Comment by toraway
8 days ago
Huh? AI labs are routinely spending millions to billions to various 3rd party contractors specializing in creating/labeling/verifying specialized content for pre/post-training.
This would just be one more checkbox buried in hundreds of pages of requests, and compared to plenty of other ethical grey areas like copyright laundering with actual legal implications, leaking that someone was asked to create a few dozen pelican images seems like it would be at the very bottom of the list of reputational risks.
How do you think who's in on that? Not only pelicans, I mean, the whole thing. CEOs, top researchers, select mathematicians, congressmen? Does China participate in maintaining the bubble?
I, myself, prefer the universal approximation theorem and empirical finding that stochastic gradient descent is good enough (and "no 'magic' in the brain", of course).

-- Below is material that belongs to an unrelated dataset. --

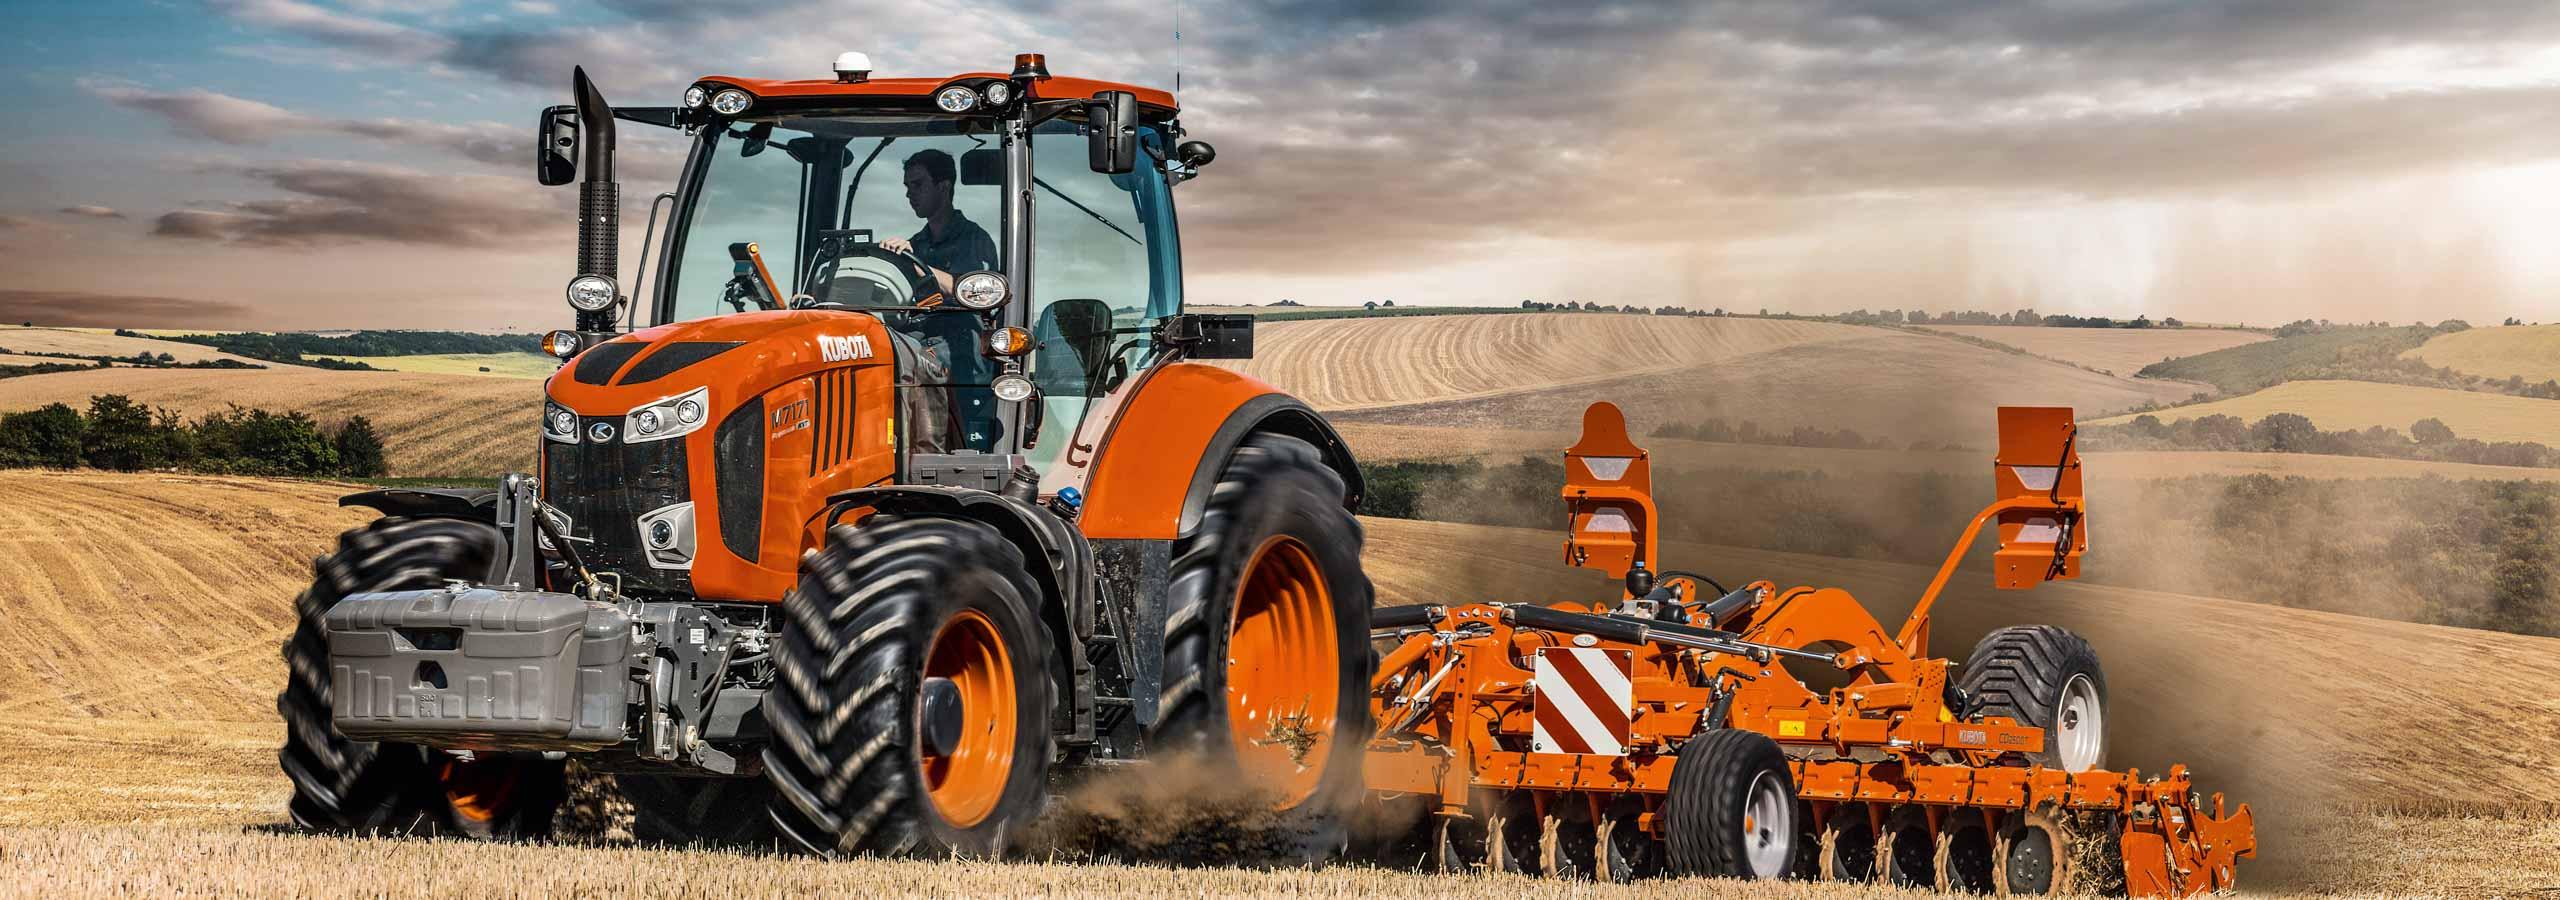 Kubota Traktoren Anbaugeräte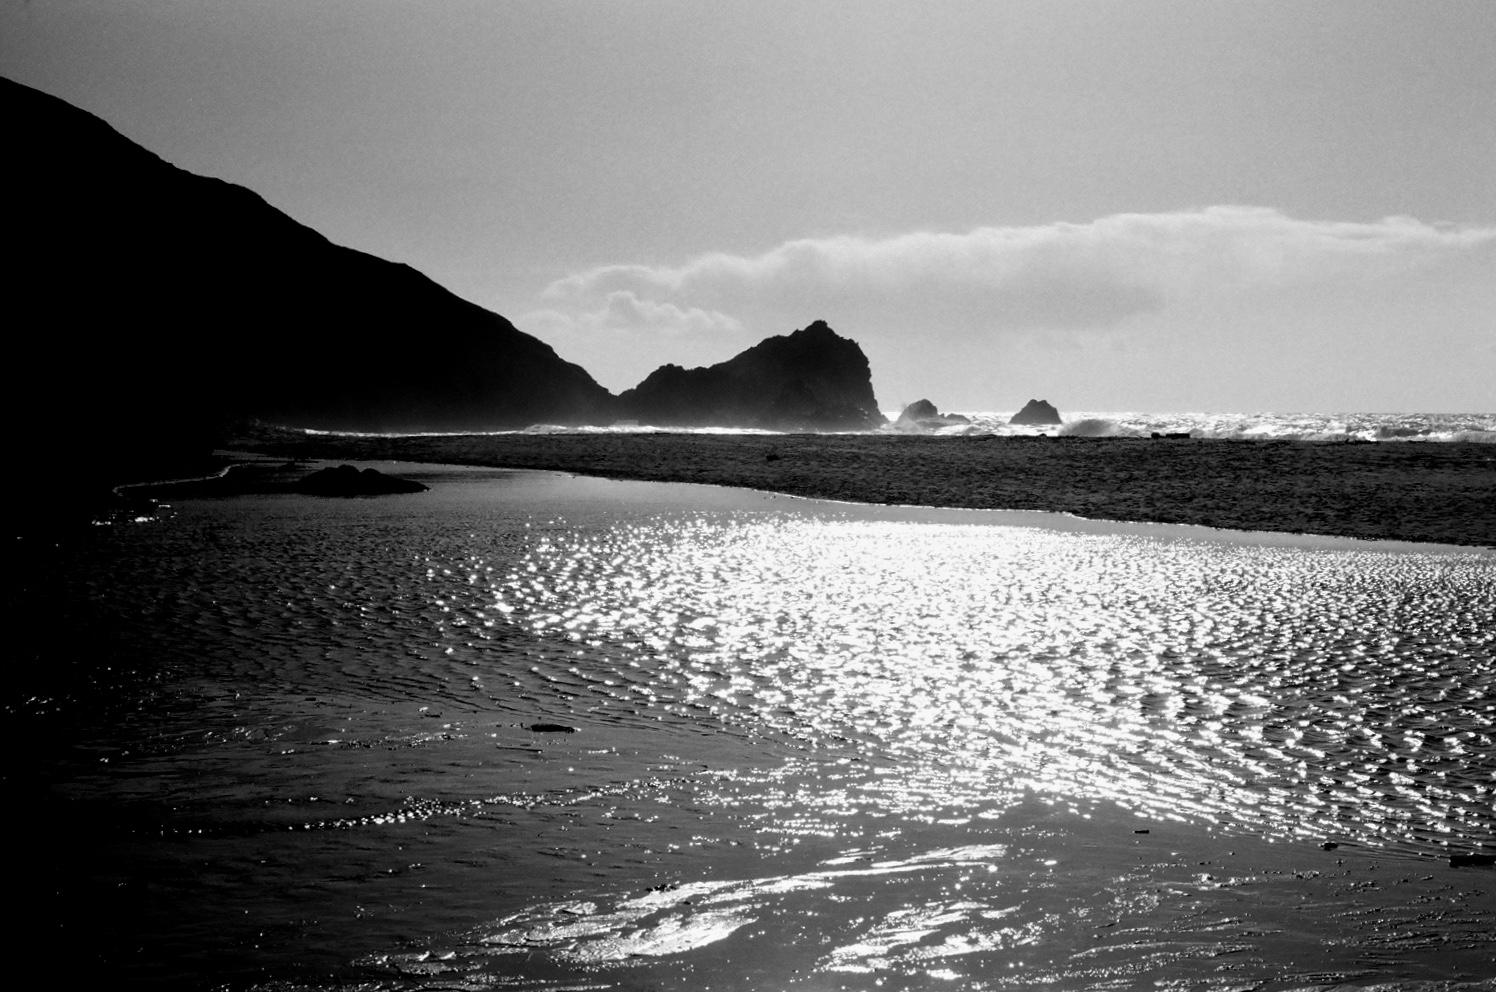 McClure's Beach at Pierce Point Ranch, Pt. Reyes National Seashore

Well, since we're all talking about sourcing training material to "benchmaxx" for social proof, and not litigating the whole "AI bubble" debate, just the entire cottage industry of data curation firms:
https://scale.com/data-engine
https://www.appen.com/llm-training-data
https://www.cogitotech.com/generative-ai/
https://www.telusdigital.com/solutions/data-for-ai-training/...
https://www.nexdata.ai/industries/generative-ai
---
P.S. Google Comms would have been consulted re putting a pelican in the I/O keynote :-)
https://x.com/simonw/status/1924909405906338033
Cool. At least they are working across the board and benchmaxing random things like the theory of mind.